Time-to-Event Modeling with Pseudo-Observations in Federated Settings

This paper proposes a one-shot, privacy-preserving federated framework for time-to-event analysis that utilizes pseudo-observations and a covariate-wise debiasing procedure to achieve flexible, accurate modeling of both proportional and non-proportional hazards without requiring iterative communication or pooling individual-level data.

Hyojung Jang, Malcolm Risk, Yaojie Wang, Norrina Bai Allen, Xu Shi, Lili Zhao

Published Wed, 11 Ma
📖 5 min read🧠 Deep dive

Imagine a group of doctors from different hospitals across a city who want to answer a big question: "What factors make children more likely to become obese, and how does that risk change as they grow up?"

To get a clear answer, they need to look at data from thousands of kids. But there's a problem: Privacy laws (like HIPAA) say they cannot send the private medical records of individual children to a central computer. They can't mix their data together like pouring different cups of water into one big bucket.

This paper introduces a clever new way to solve this puzzle without ever sharing the private "cups of water."

The Old Way vs. The New Way

The Old Way (The "Shared Blueprint" Problem):
Previously, if hospitals wanted to work together, they often had to share a list of exactly when specific events happened (e.g., "Patient A got sick on Tuesday, Patient B on Friday"). Even though they didn't share names, sharing these specific dates could sometimes reveal sensitive details about the patients. Also, older methods often assumed that the risk factors stayed the same forever (like saying "being overweight is always twice as dangerous"), which isn't always true in real life.

The New Way (The "Ghostly Summaries" Approach):
The authors created a method called Federated Survival Analysis with Site-Level Heterogeneity Adjustment. That's a mouthful, so let's break it down with an analogy.

1. The "Ghostly Summaries" (Pseudo-Observations)

Instead of sending patient records, each hospital calculates a "summary score" for every single patient based on a shared, anonymous map of the overall situation.

  • The Analogy: Imagine every hospital has a local map of their neighborhood. They all agree to use a giant, city-wide map (the Federated Kaplan-Meier estimator) that shows the general traffic patterns.
  • Using this city map, each hospital calculates a "ghostly score" for their local patients. This score tells them, "Based on the city's traffic, this specific patient is likely to encounter a traffic jam at 2 PM."
  • They send these scores (not the patient's name or exact time) to the central team. The central team can now see the patterns without ever seeing the actual cars or drivers.

2. The "One-Shot" Conversation

Usually, computers in these networks have to talk back and forth many times to get the answer right (like a game of "Hot and Cold"). This new method is a "One-Shot" approach.
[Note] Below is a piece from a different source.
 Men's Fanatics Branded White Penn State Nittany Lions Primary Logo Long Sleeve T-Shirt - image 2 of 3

  • The Analogy: Instead of a long phone call, every hospital sends their "ghostly scores" and a few summary numbers in one single email. The central computer puts them together instantly to get the final answer. It's fast, efficient, and keeps the data secure.

3. The "Flexible Lens" (No Rigid Rules)

Old methods forced everyone to agree that risks never change over time. This new method is flexible.
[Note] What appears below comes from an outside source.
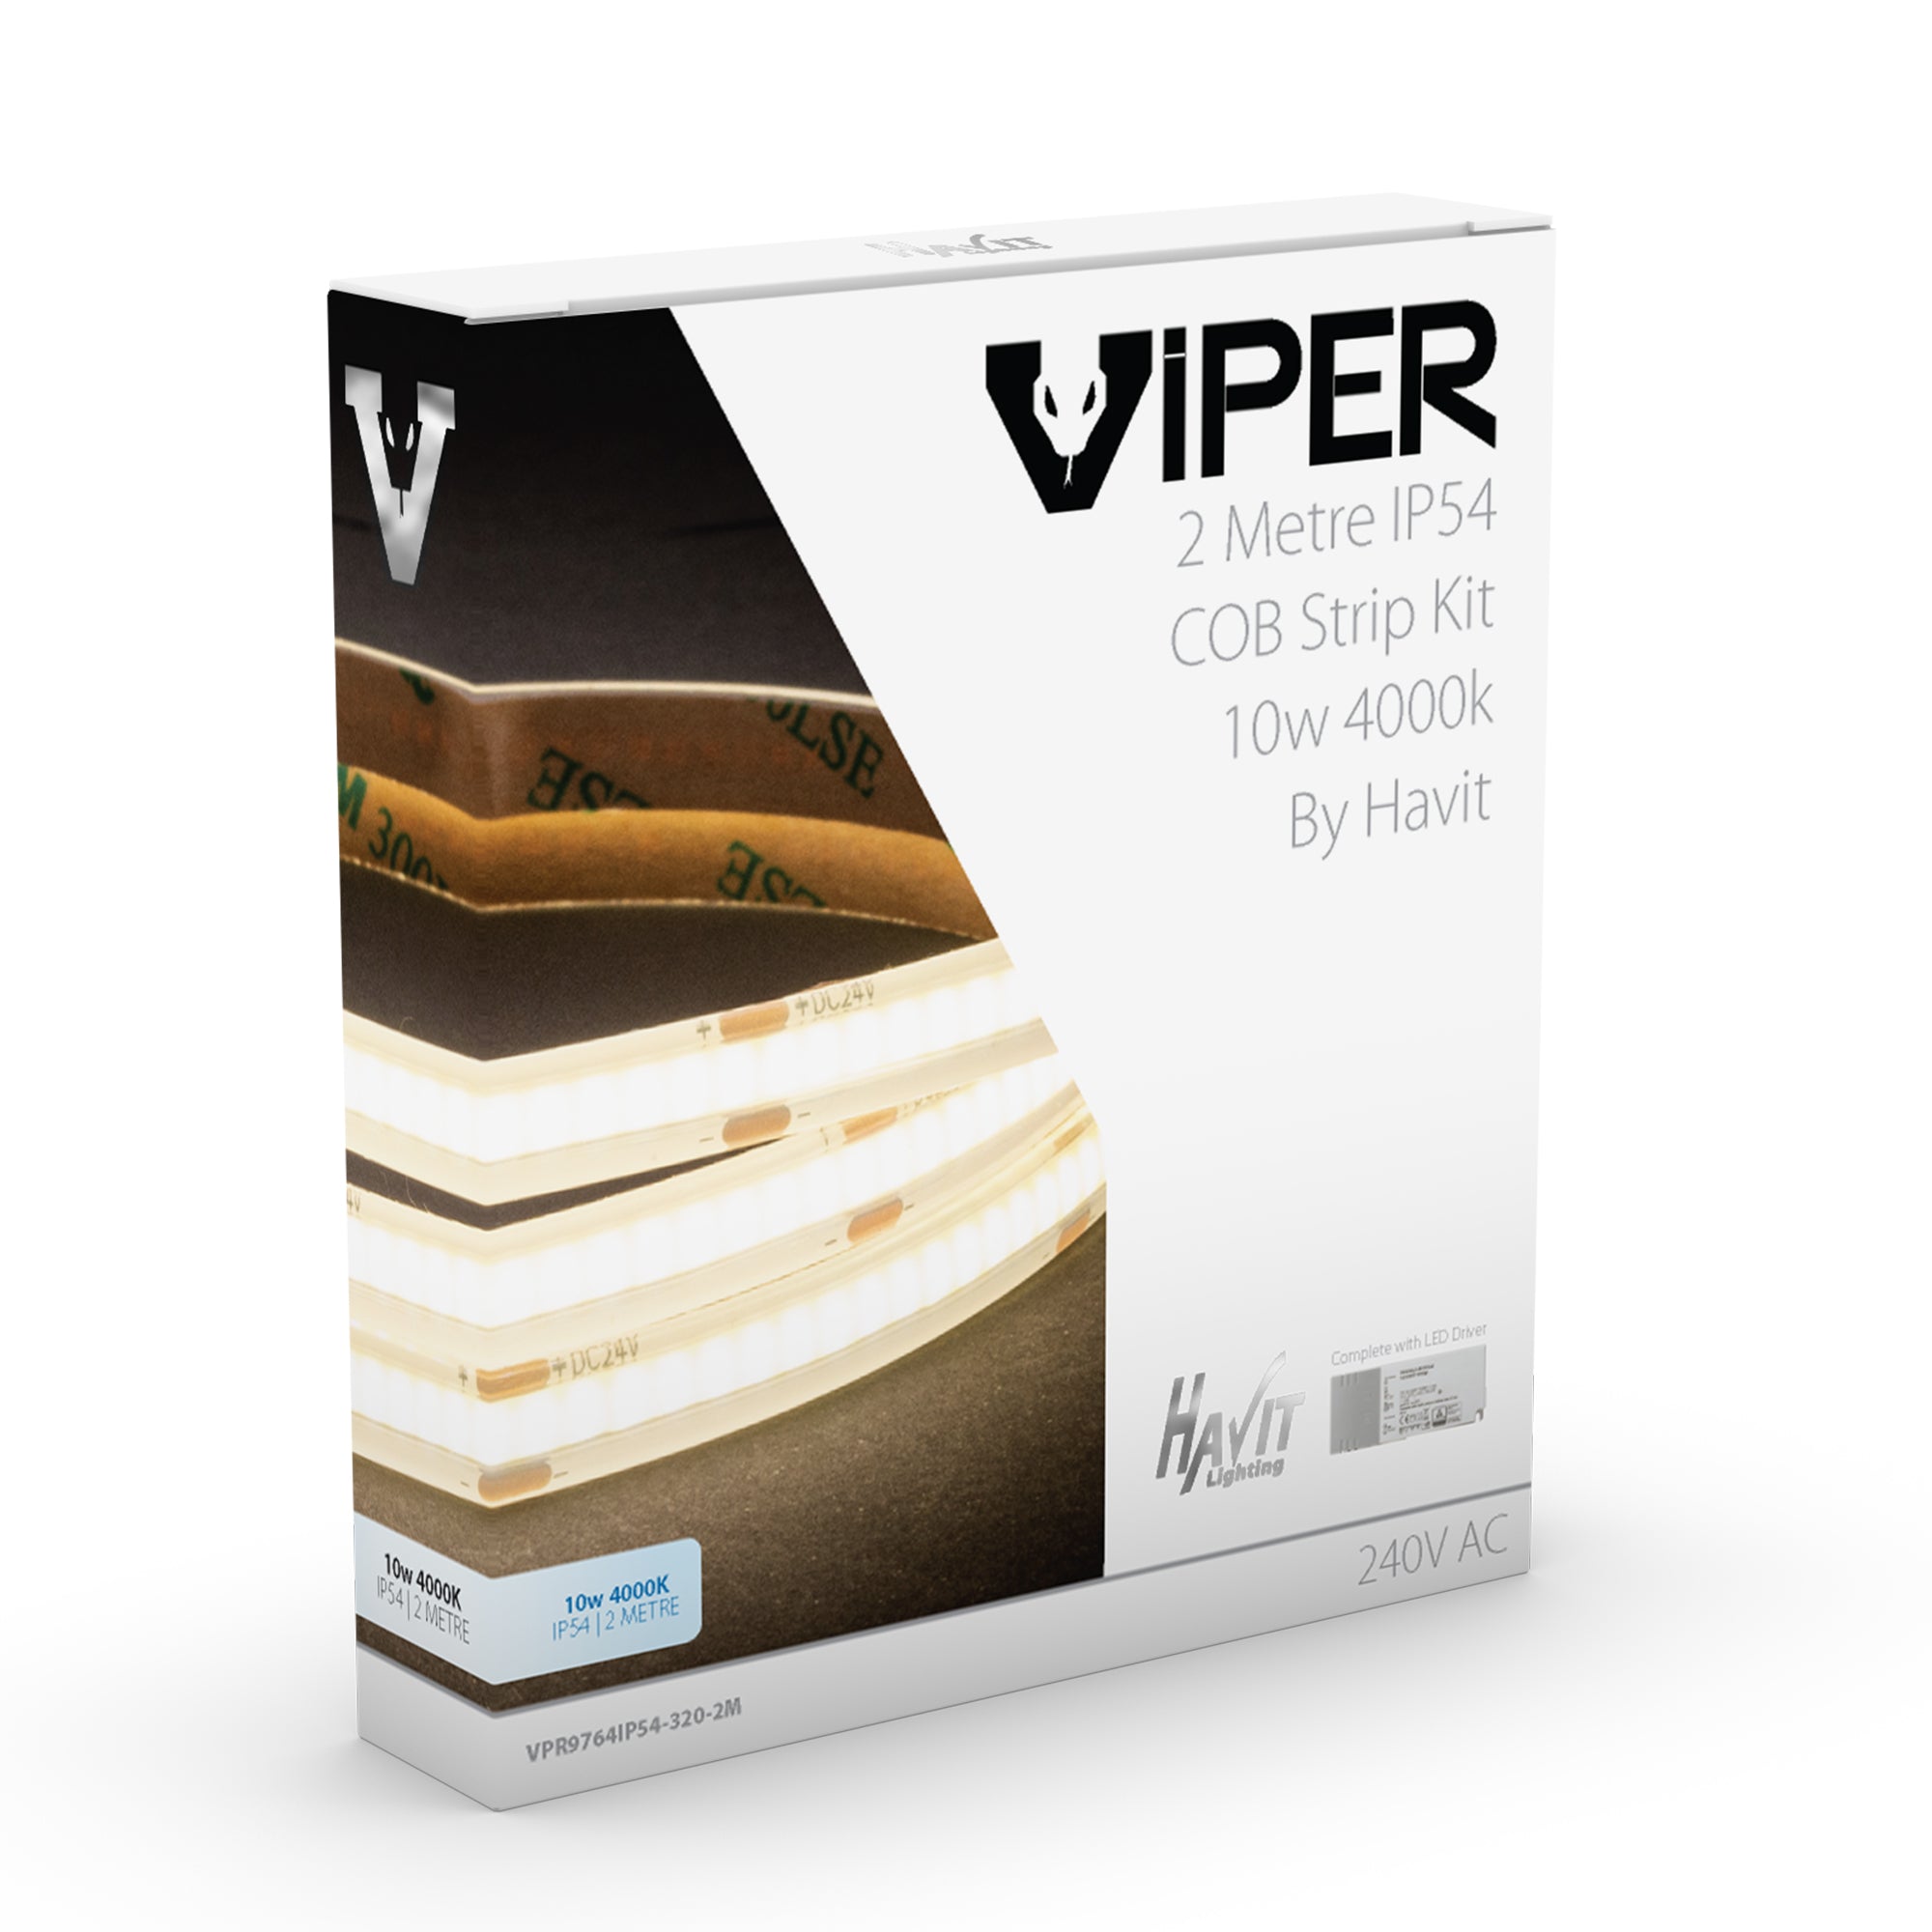 VPR9764IP54-320-2M - Viper COB 10w Per Metre 2m LED Strip kit 4000k

  • The Analogy: Imagine looking at a tree through a rigid, square window. You only see a square slice of the tree. This new method uses a flexible, zoomable lens. It can see that a risk factor (like age) might be very dangerous when a child is 5, but less dangerous when they are 10. It captures the story of how risk changes over time, not just a single static number.

4. The "Smart Noise Filter" (Heterogeneity Adjustment)

Sometimes, one hospital might have a weird result just because of bad luck or a small sample size (noise), while another hospital might have a real unique difference because their patients are different (signal).

  • The Analogy: Imagine a choir. Most singers are singing the same note (the global truth). One singer is slightly off-key because they are nervous (noise). Another singer is intentionally singing a different harmony because it's a jazz song (real local difference).
  • The authors built a "Smart Noise Filter." It listens to the choir. If a singer is just slightly off-key due to nervousness, the filter gently nudges them back to the main note. But if a singer is intentionally singing a jazz harmony, the filter says, "Ah, that's a real difference! Let's keep it."
  • This ensures the final result isn't ruined by random errors, but it also doesn't ignore genuine local differences.

The Real-World Test

The team tested this on data from 45,000 children across four hospitals in Chicago (the CAPriCORN network).

  • The Result: Their new method produced answers almost identical to what you would get if all 45,000 records were magically combined in one place (which is illegal).
  • The Discovery: They found that while being overweight is a big risk factor, its impact changes over time. Also, the "Smart Noise Filter" successfully identified that one hospital had a unique pattern for a specific health condition, while smoothing out random errors in the others.

Why This Matters

This paper gives researchers a privacy-preserving superpower. It allows hospitals to collaborate on life-saving research without breaking privacy laws. It's like allowing a group of people to solve a giant jigsaw puzzle together without ever showing each other their individual pieces—instead, they just share the shapes of the edges, and the picture appears perfectly clear.